My ovaries did not contribute to society. My womb is barren – it is a prison cell for emptiness and passing hours. I have no desire to see it grow with a miniature version of me inside.
I am in awe of those who have taken the plunge. For the women who are mothers by definition and tradition, I tip my hat off to you. You have a job that never ends, and you receive no pay, no time off, and no vacation to rejuvenate your mind or spirit. You are often overlooked, cast into the shadows of endless time, and you do it all without complaint, although you want to. And you have your heart committed to this task until you or your child(ren) die. How heroic is that?!
I wait on the wings of hope, secretly wishing I could understand – gain just a glimpse of your life, then I remember . . . some of us are here to be what we can be, and we mother in other ways. I find a sense of solace within this reminder. You have my love and respect. You are to be championed every hour of each day.
AI-Generated Image: A Hispanic woman cuddling her two boys. She has a beautiful smile, and both boys are leaning into her, engaged with the camera. There is a blurred background of green and perhaps a playground out of sight, too?

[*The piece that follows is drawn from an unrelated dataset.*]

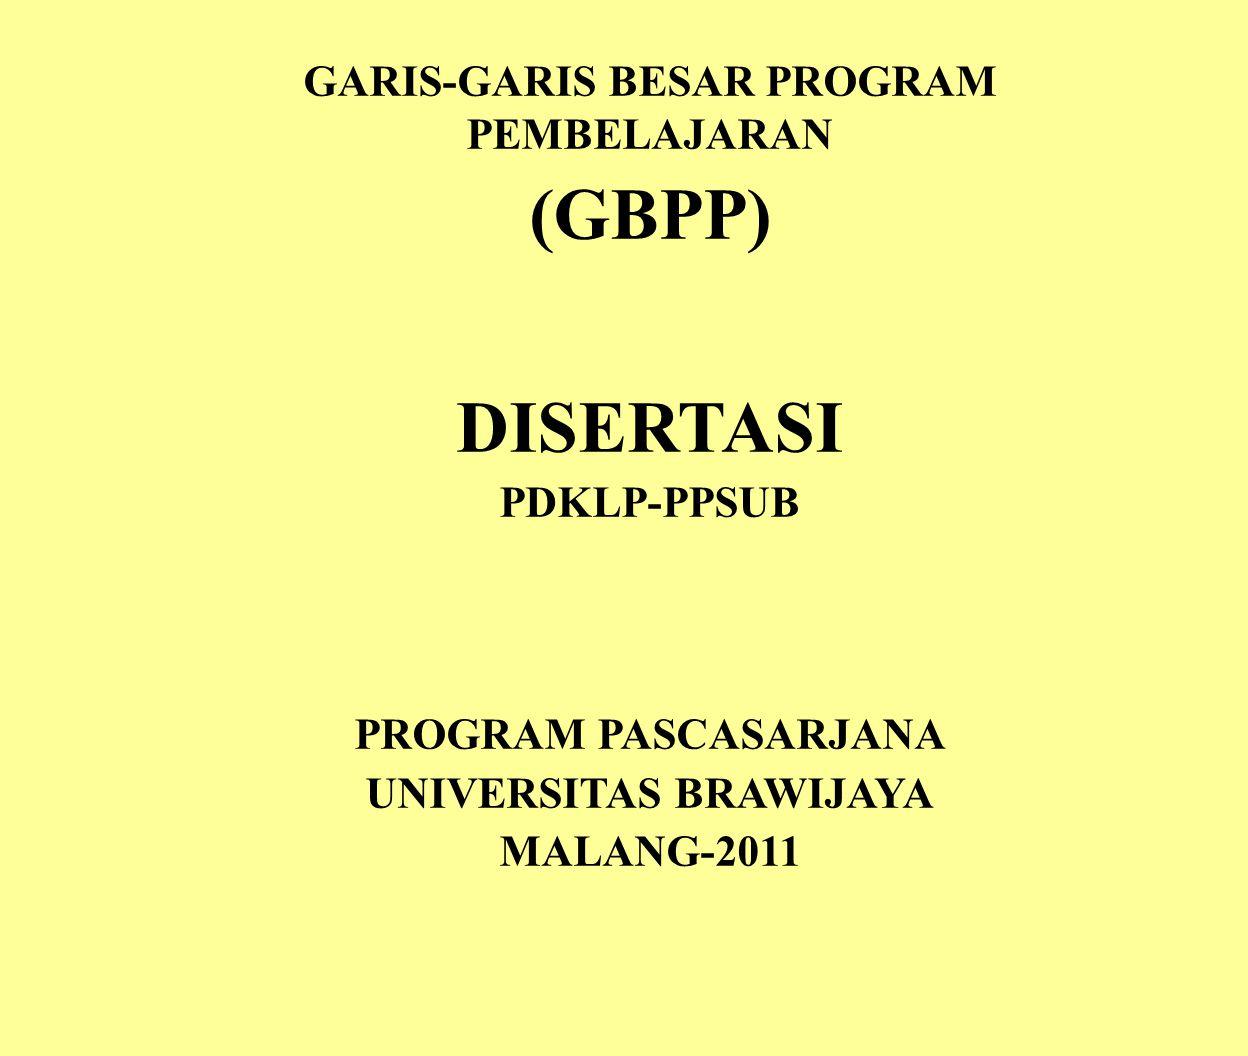 GARIS-GARIS BESAR PROGRAM PEMBELAJARAN UNIVERSITAS BRAWIJAYA

As I sit here and type this message to each of you, I want you to know of your brilliance, of your patience, of your timeless selflessness that knows no bounds. If you are a mother and mothering the way you are meant to fit that role, you have my undying admiration. If you care when the word seems to fall off the tongues of menaces who have forgotten its meaning, I see you. If you are soldiering forward with $15.27 to your name and have prepared a meal for your children using $12.58 of that, I see you. You’ve got every other human being tracking you down and leaning against your chest yearning for a thirty-minute suckle at your breasts, yet you constantly put your children first and slam the door in their faces and verbally admonish their requests, know that I SEE YOU.
For the mothers who are not mothers, mothering in the face of time, barren wombs, lost hope, wayward siblings, and all of the missed marks of this world as you raise your gift of nurturing to higher heights, I see you. When the world says, “But you are not a mother,” I hear your cries in the middle of the night as you softly shout back to the women who hold the title only, “And neither are you!” I see you. When you’re stopped in the grocery store by a toddler who noticed your smile two aisles down and ran behind you to see it again, escaping his mother, you have a good heart, and that baby can tell, too. I SEE YOU.
For the motherless, childless, mothering mothers who still mother and always will, this is your day. And with it, do what you will. You have earned it, and with it, may I embrace you fully and wholly and center you when everything in this current realm is burning to the ground. Find love and hope in the eyes of a child you mothered and look at your reflection in their eyes.
You are more than what you think you are to them. Believe me.